Court: DPP Questions Defendant In Murder Case

September 3, 2015

The Supreme Court trial of Kiahna Trott-Edwards, who is accused of murdering 16-year-old Berkeley Institute student Shijuan Mungal, continued with the defendant being cross examined by Director of Public Prosecutions Rory Fields.

Mr Mungal died in September 2014 after sustaining head injuries, and Ms Trott-Edwards was charged with murder on September 12, 2014.

The jury previously heard from the bus driver operating the bus where the incident started, Mr Mungal’s friend who was with him when the altercation took place, as well as from the defendant herself.

Remaining on the stand and under cross examination by Director of Public Prosecutions Rory Fields, Ms Trott-Edwards told the court that she did not intend to hit Mr Mungal in his head, saying that she panicked as he walked towards her as if he were going to attack her.

She had previously told the jury that the victim ducked the second time she swung the bat causing the bat to strike his head and not his arm, as she had intended.

Mr.

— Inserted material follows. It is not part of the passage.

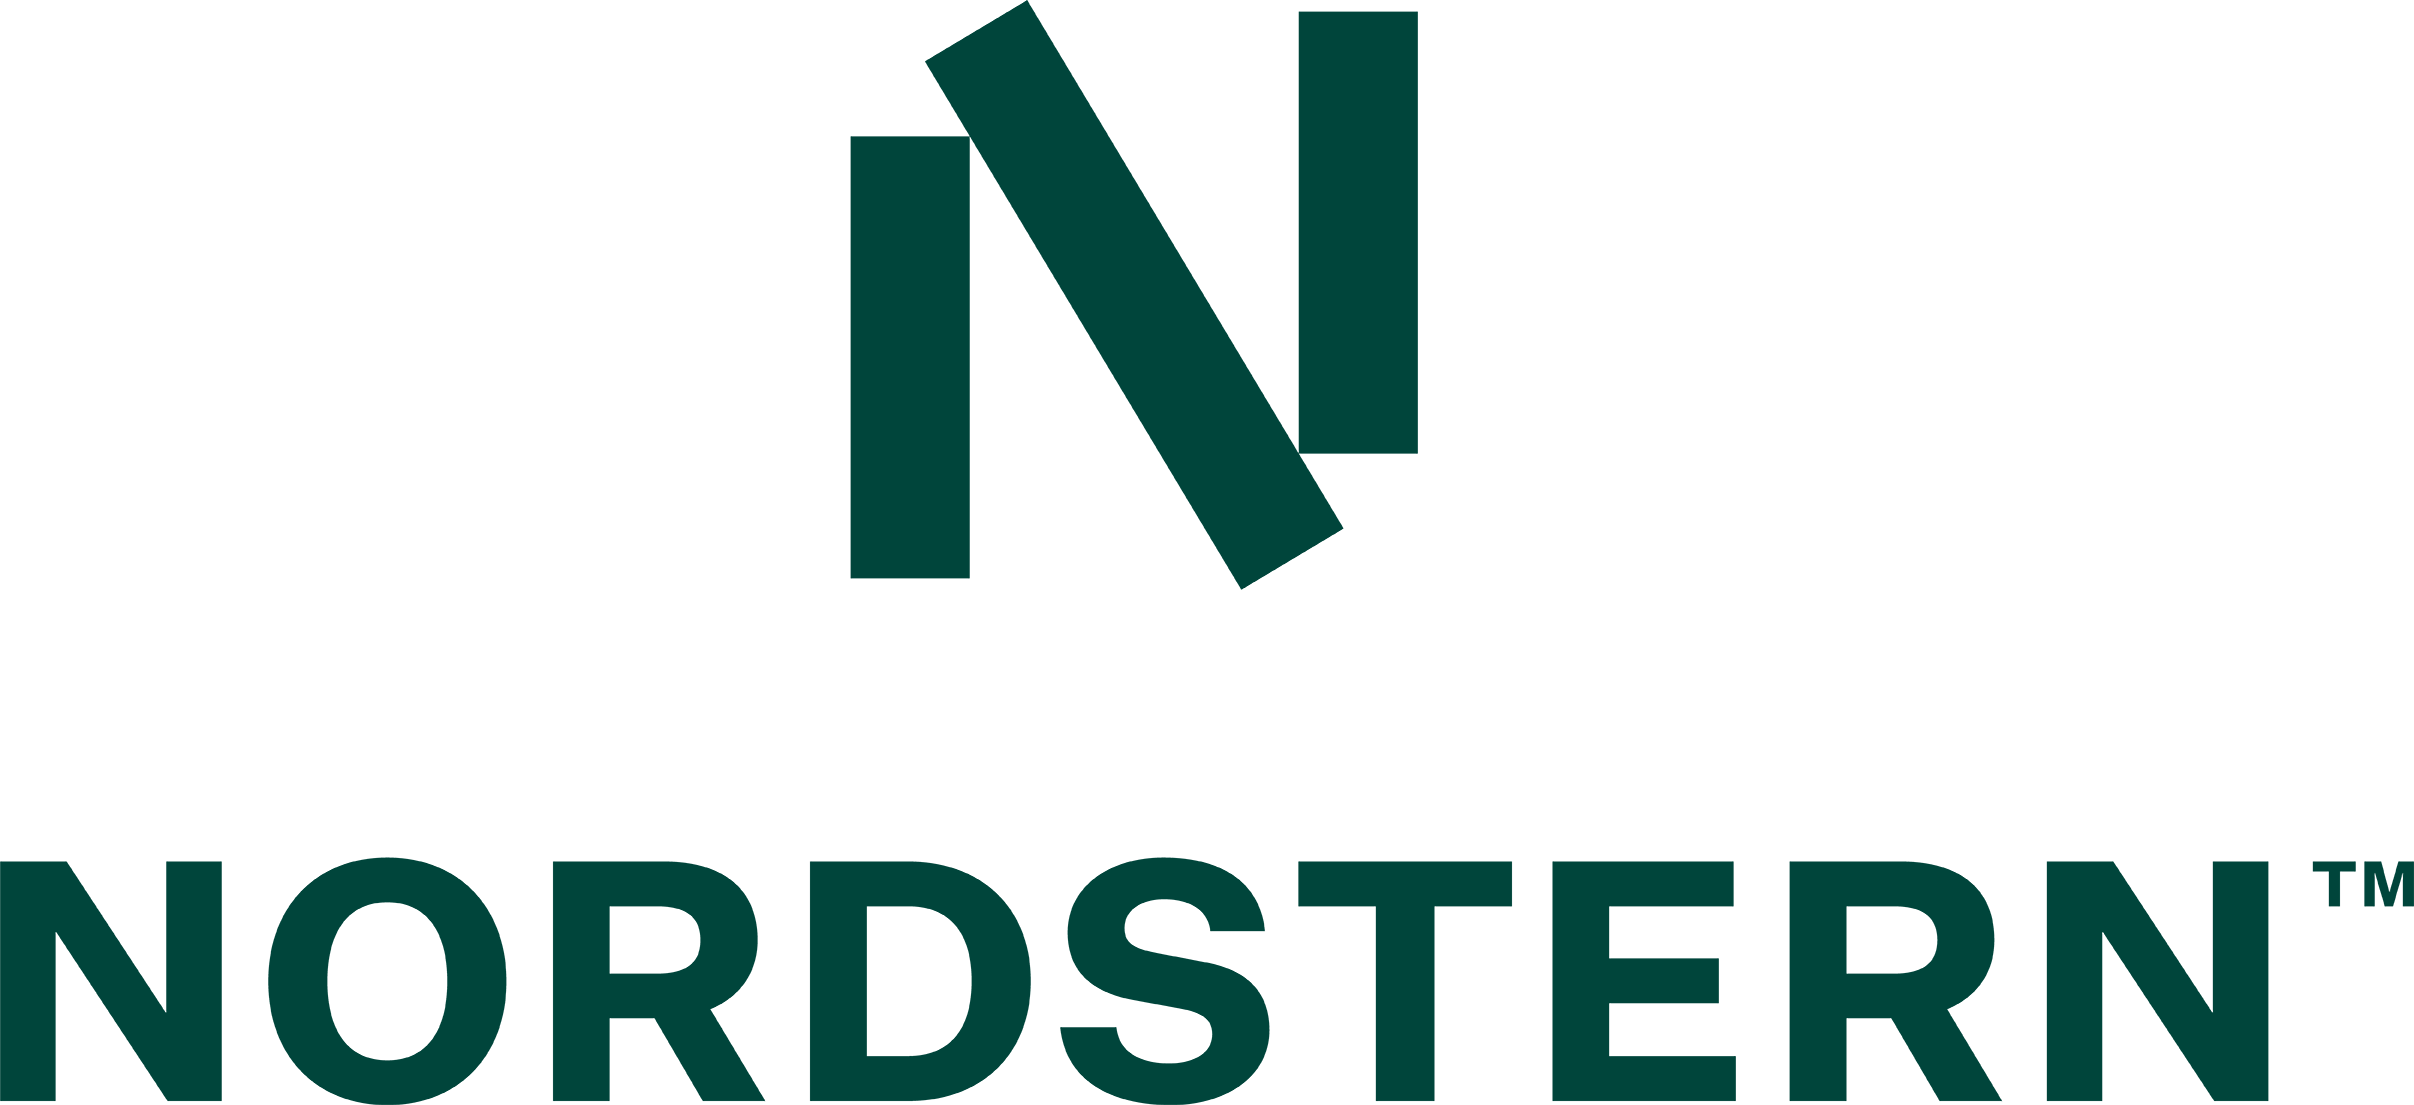 Nordstern_Lock-up_Vertikal_Green_RGB

Field suggested that she might have made up this detail to support her self-defense stance, however Ms Trott-Edwards denied the suggestion, telling the jury that her account of the events has not changed since her initial police statement given in September 2014.

After being asked by the Director of Public Prosecutions why, if she felt threatened by Mr. Mungal, she not call the police, shout for help or go back inside; Ms Trott-Edward told the jury that the situation unfolded very quickly and that her initial reaction was to grab the bat.

Ms Trott Edwards then told the jury that the day after the incident she saw an online news report about a 16-year-old male in the Intensive Care Unit of KEMH after a reported altercation on Ord Road, however she did not initially realise it was Mr Mungal until the police contacted her.

The defendant suggested that one of the young males who testified had mislead the jury about what she said to the victim, and also suggested that the witnesses were threatened by the police and the prosecution into giving evidence in exchange for the clearing of their police records.

Mr. Field asked Ms Trott Edwards if there was this ‘grand conspiracy’ against her, why did she not instruct her lawyer to put these accusations to the witnesses.

After the defendant’s testimony, the defense called character witnesses to testify on behalf of Ms Trott-Edwards, including Michael Weeks, the Member of Parliament for Constituency #16 Pembroke East Central.

Mr. Weeks told the jury he has known the defendant her whole life, and testified that she is a kind person who is very attentive to her children.

He also said that when he heard the accusations against her, he was in shock and believed that the altercation must have been a last resort.

Ms Trott-Edwards, 32, has denied the charge of murder, and the trial continues.